In recent years, Karachi, often dubbed the “city of lights,” has undergone a dramatic transformation, marked by rapid progress. However, alongside this urban evolution, there’s a decline in the city’s natural spaces. “What Karachiites fail to realise is that humans can’t live without nature,” he lamented.

Limited spaces II, Saddar, Karachi — Fayaz Baloch
Limited spaces II, Saddar, Karachi — Fayaz Baloch

A conversation and a solution

“With this vision, I wanted a common person to talk about the environment and understand the problem,” said Baloch.

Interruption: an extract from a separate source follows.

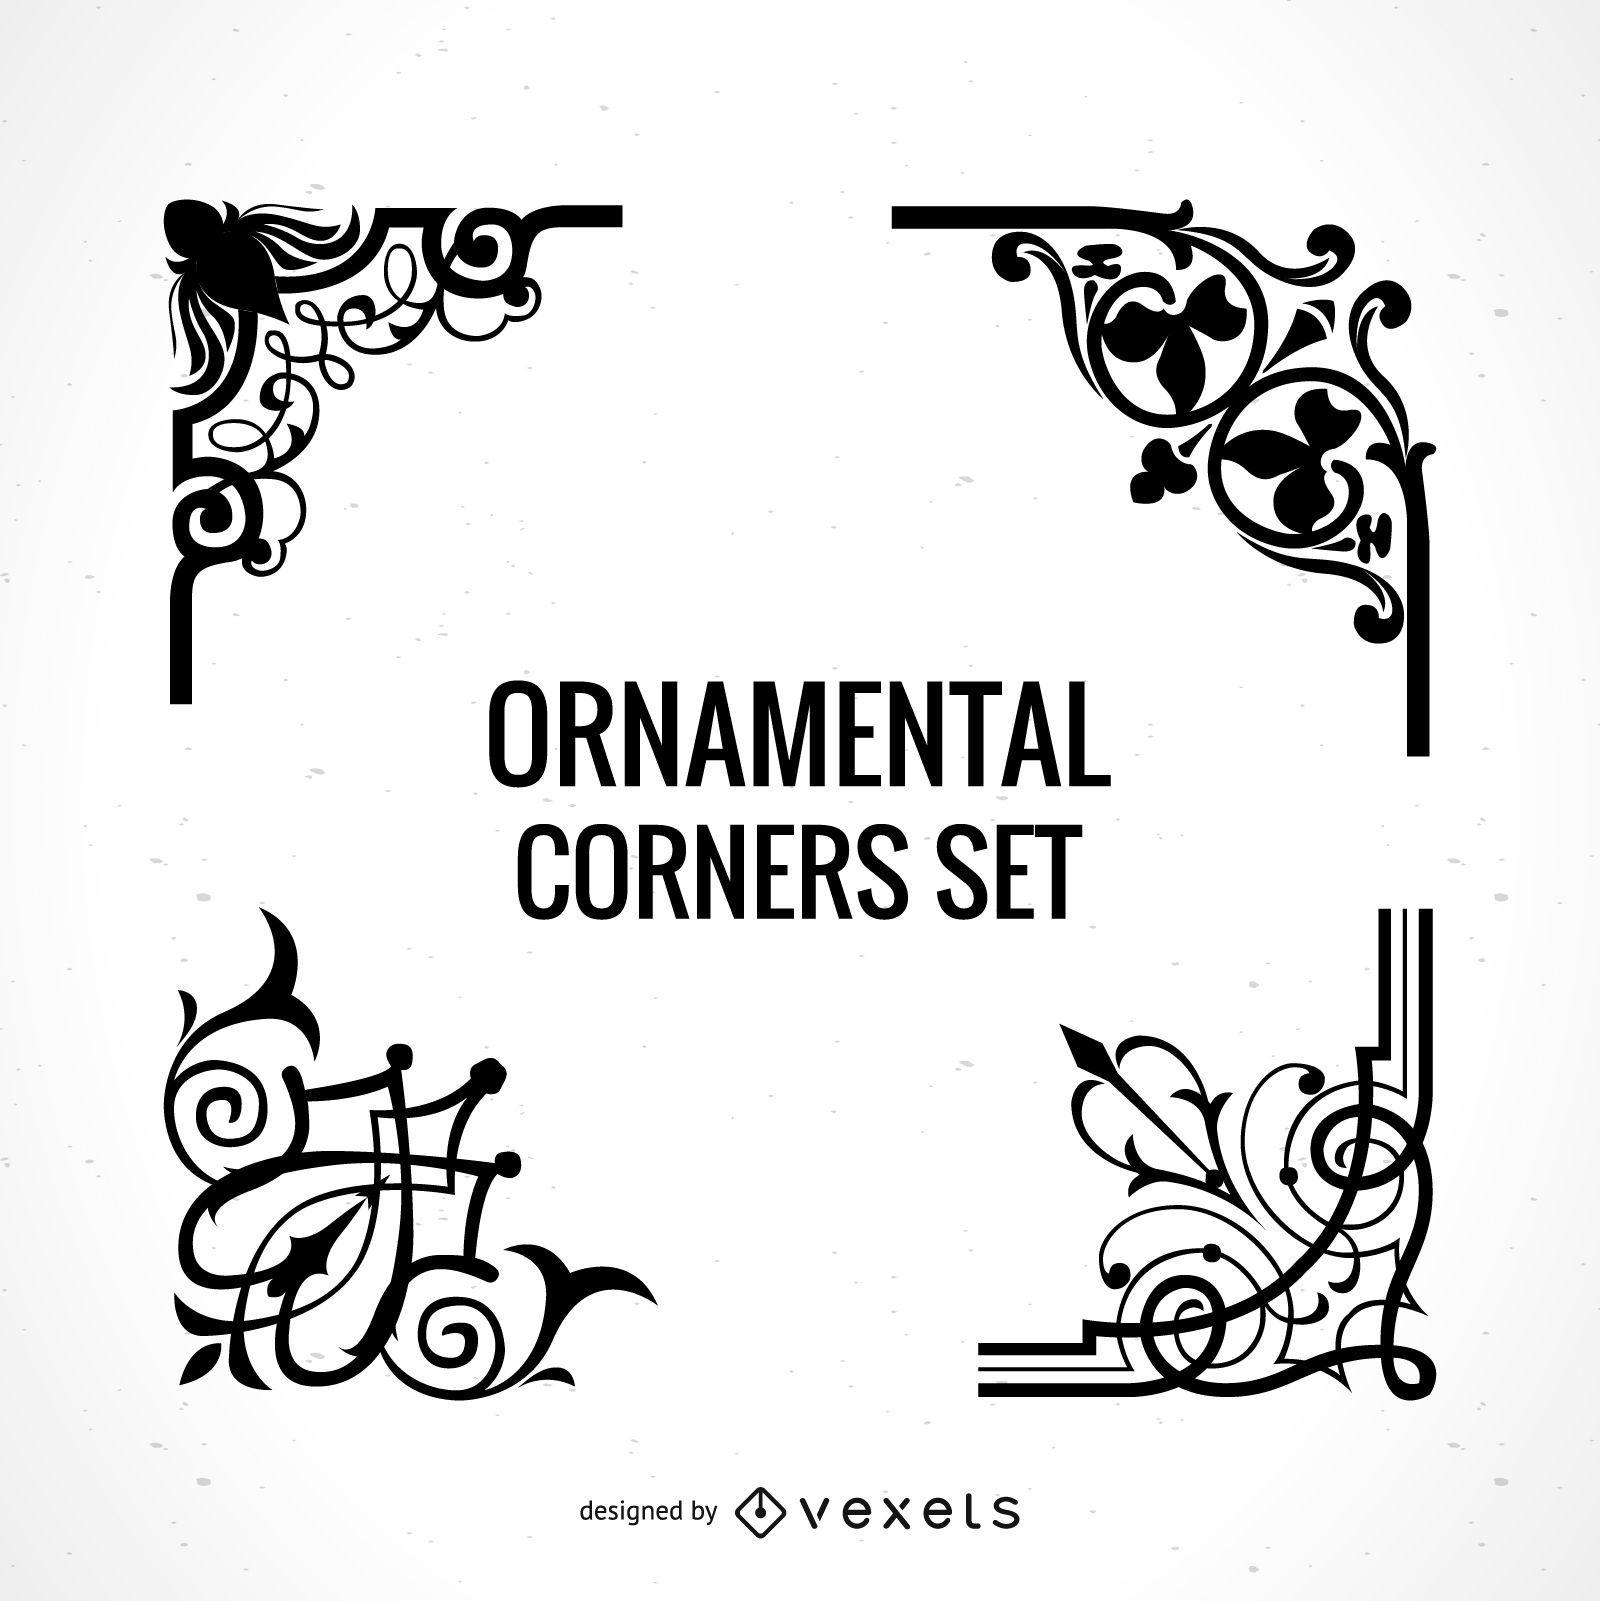 Ornamental corners set

To ensure relatability, he decided to incorporate scaffolding structures —a familiar sight for every resident of the city.

However, merging these structures with plants posed a challenge.

The search led him to Hydroponics Pakistan Company, which introduced him to aeroponics — the practice of growing plants in air or misty environments without the use of soil.

“The NASA-approved plants require no soil, which helps in avoiding the health risks that come with the use of insects and pesticides,” explained Khalid Fazli, head of research and development, at Pakistan Hydroponics.

He elaborated that these plants are primarily designed for indoor spaces. “They’re like air purifiers, but even more effective as they not only cleanse the air but also replenish it with oxygen.”

“These plants typically grow upwards, but for the artist’s vision, we displayed them upside down,” Fazli noted.

Anybody can plant them in their homes; the only worry is that they require a nutrient-enriched solution and a small water pumping motor that can regularly supply the plant with the mist it needs.

“When you water the soil once, it retains the water and provides it to the plant as needed; as there is no soil here, the water needs to be provided to it in regular intervals,” Fazli added.

“I suspended the plants upside down to capture the interest of ordinary individuals and spark conversations. It proved to be effective; as soon as people noticed the downward-facing leaves, they approached me to inquire about the unusual display and its significance,” said Baloch, recalling the two days his installation was displayed at the Aga Khan University Hospital.

Project Installation at Aga Khan University Hospital — Fayaz Baloch
Project Installation at Aga Khan University Hospital — Fayaz Baloch

“The climate is changing rapidly, the reality is that we can’t stop progression but what we can do is think innovatively — ‘Future Gardens: Utopian Solution for Uncertain Future’ was exactly about that,” Baloch emphasised.

However, innovation is not the solution to this problem.

“These plants are a step forward, but let’s not mistake them for a victory,” remarked environmentalist Tofiq Pasha Mooraj. “If we become content with these artificial substitutes that look like pictures on a wall, then we risk losing real trees, birds, and flowers.”

Mooraj stressed that the true solution lies in reclaiming green spaces and safeguarding the ones we have. “These plants are not trees yet; it will take time for them to reach that stage. In the meantime, we must shield ourselves from the imminent threat, such as the ongoing environmental degradation, by taking small steps like reducing plastic usage.”

As Karachi navigates its path toward a sustainable future, Baloch’s vision serves as a reminder that the solutions to our most pressing challenges often lie at the intersection of creativity, perseverance, and a deep reverence for the natural world. His story is a testament to the power of art to inspire change and the resilience of the human spirit in the face of adversity.